Juraj Kotula

Personal information
- Full name: Juraj Kotula
- Date of birth: 30 September 1995 (age 30)
- Place of birth: Bratislava, Slovakia
- Height: 1.83 m (6 ft 0 in)
- Position: Right back

Team information
- Current team: USV Halbturn
- Number: 27

Youth career
- Slovan Bratislava

Senior career*
- Years: Team / Apps / (Gls)
- 2015–2018: Slovan Bratislava / 24 / (0)
- 2017: → Senica (loan) / 11 / (0)
- 2018: → ViOn Zlaté Moravce (loan) / 10 / (0)
- 2018: → Senica (loan) / 17 / (0)
- 2019–2020: Zbrojovka Brno / 11 / (0)
- 2021–2023: Zemplín Michalovce / 56 / (0)
- 2023–2024: Ružomberok / 11 / (0)
- 2024–2025: Dynamo České Budějovice / 4 / (0)
- 2025–2026: Tatran Prešov / 25 / (1)
- 2026-: USV Halbturn

International career^{‡}
- 2015–2016: Slovakia U21 / 1 / (0)
- 2017: Slovakia / 1 / (0)

= Juraj Kotula =

Slovak footballer (born 1995)

Juraj Kotula (born 30 September 1995) is a Slovak footballer who plays as a right-back for Austrian club USV Halbturn.

==Career==
Kotula made his professional Slovak Super Liga debut for Slovan Bratislava on 27 February 2015 against Žilina.

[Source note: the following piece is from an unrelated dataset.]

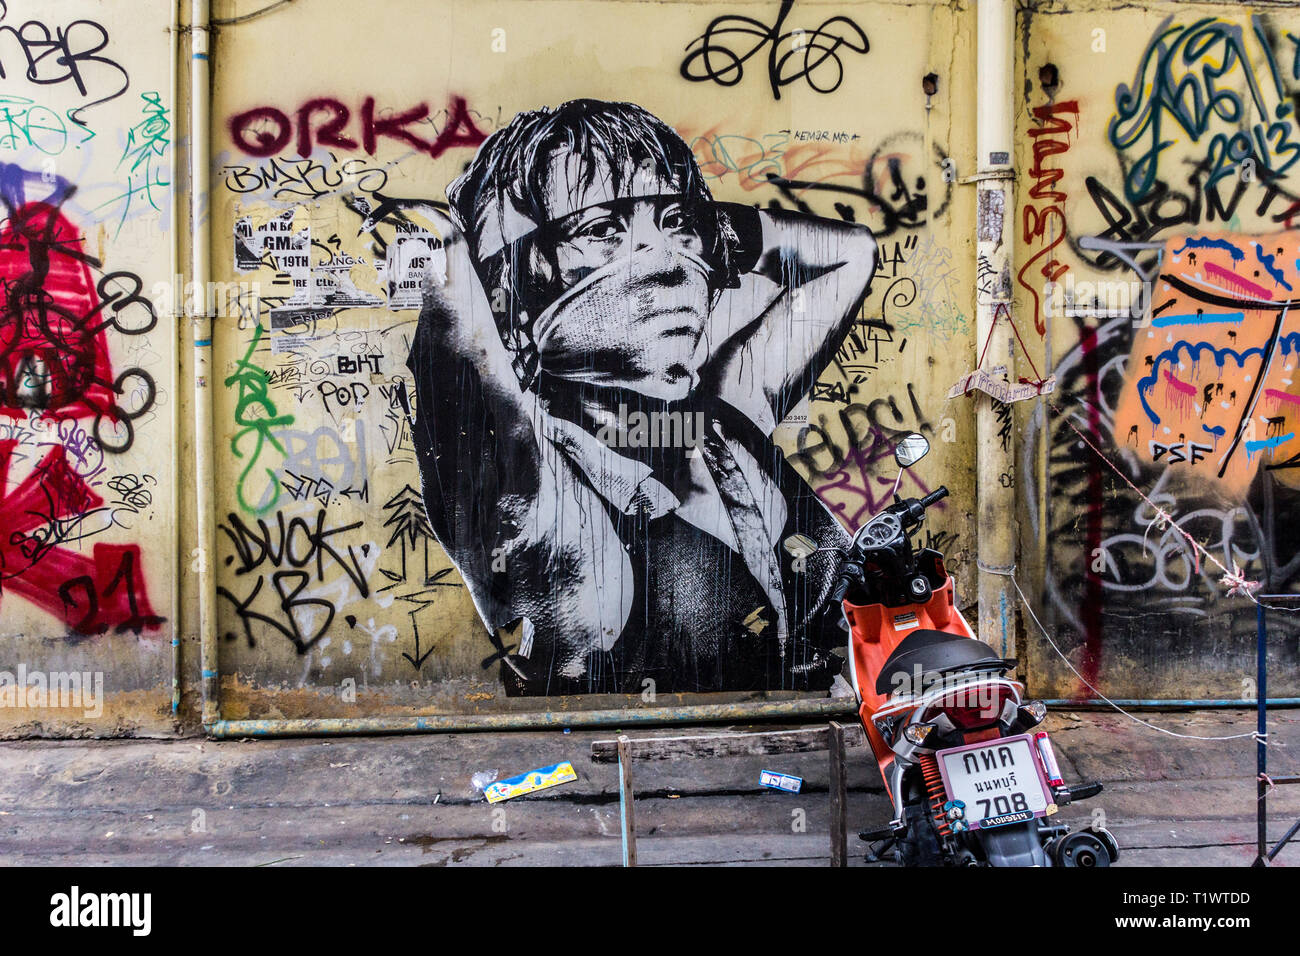 Visage fille mur de graffiti, Khao San Road, Bangkok, Thaïlande Banque D'Images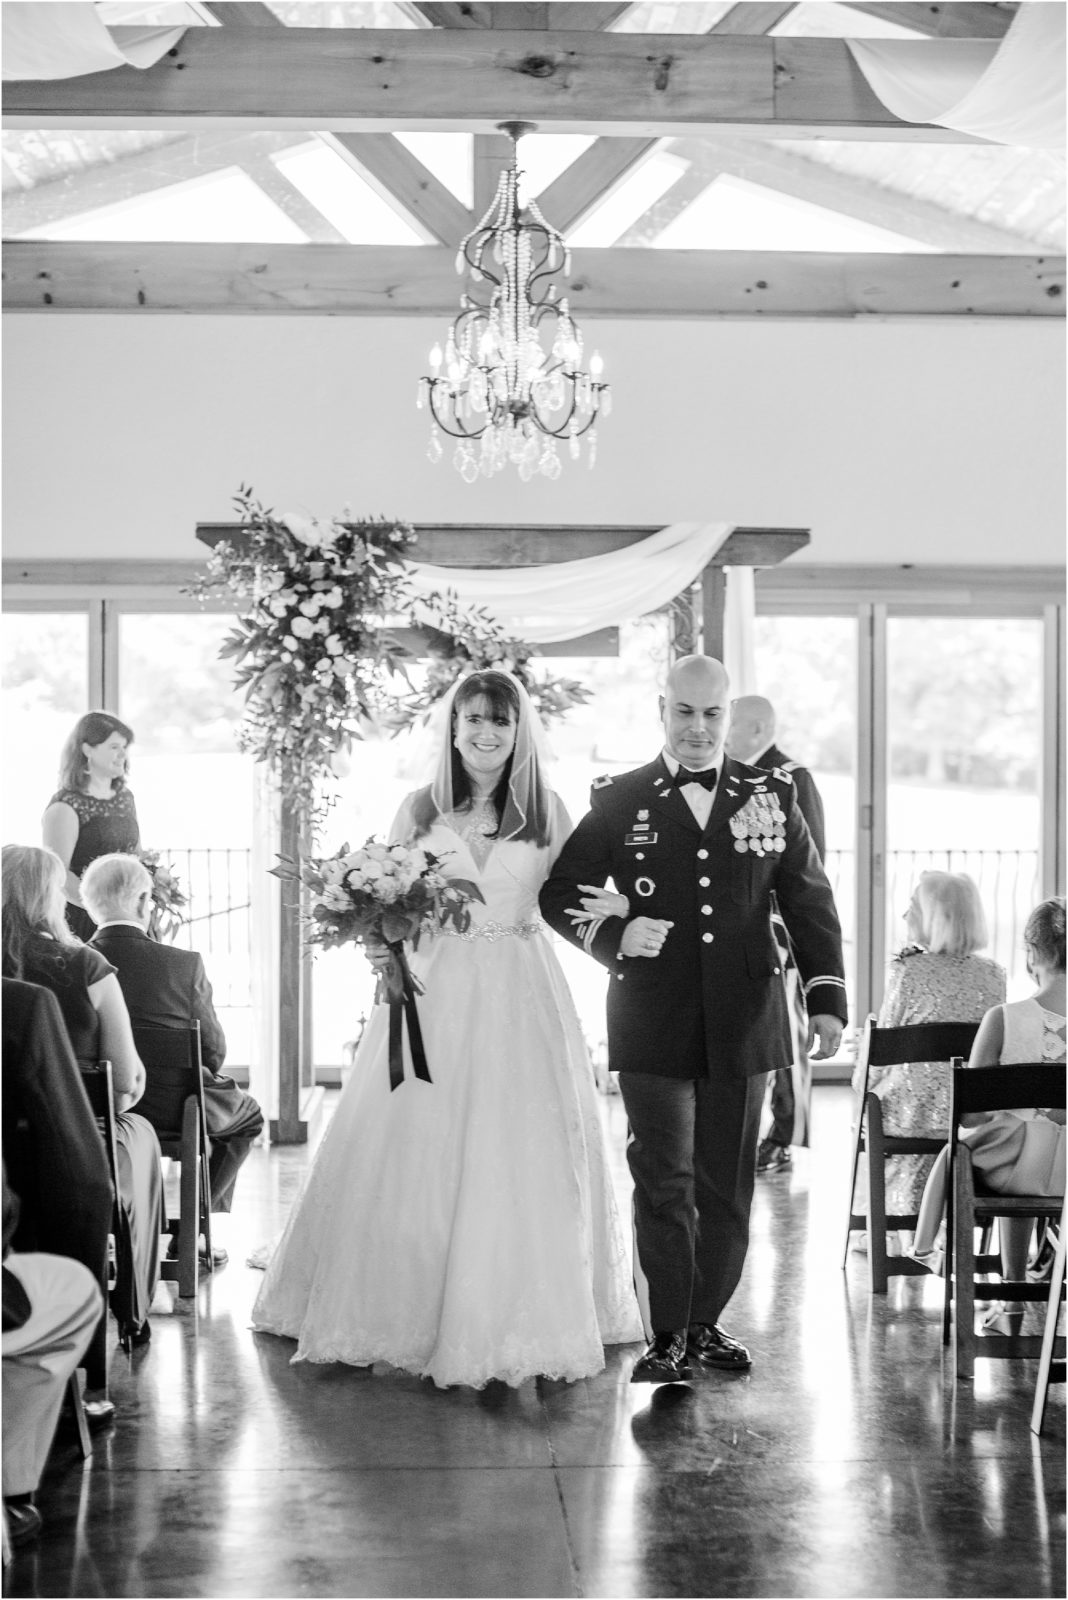 Military husband and bride walking down aisle

In January 2017, Kotula was called up for two unofficial friendly fixtures held in Abu Dhabi, United Arab Emirates, against Uganda and Sweden. He debuted against the former by playing for the first half, only to be replaced by Martin Šulek at the start of the second half.

On 11 July 2024, Kotula signed a two-year contract with Dynamo České Budějovice.

In 2026, Kotula joined FC Tatran Prešov, where he made 25 league appearances during the 2025–26 season.

In the summer of 2026, Kotula joined Austrian club USV Halbturn on a free transfer. He was signed as a reinforcement for the club's defence ahead of the 2026–27 season.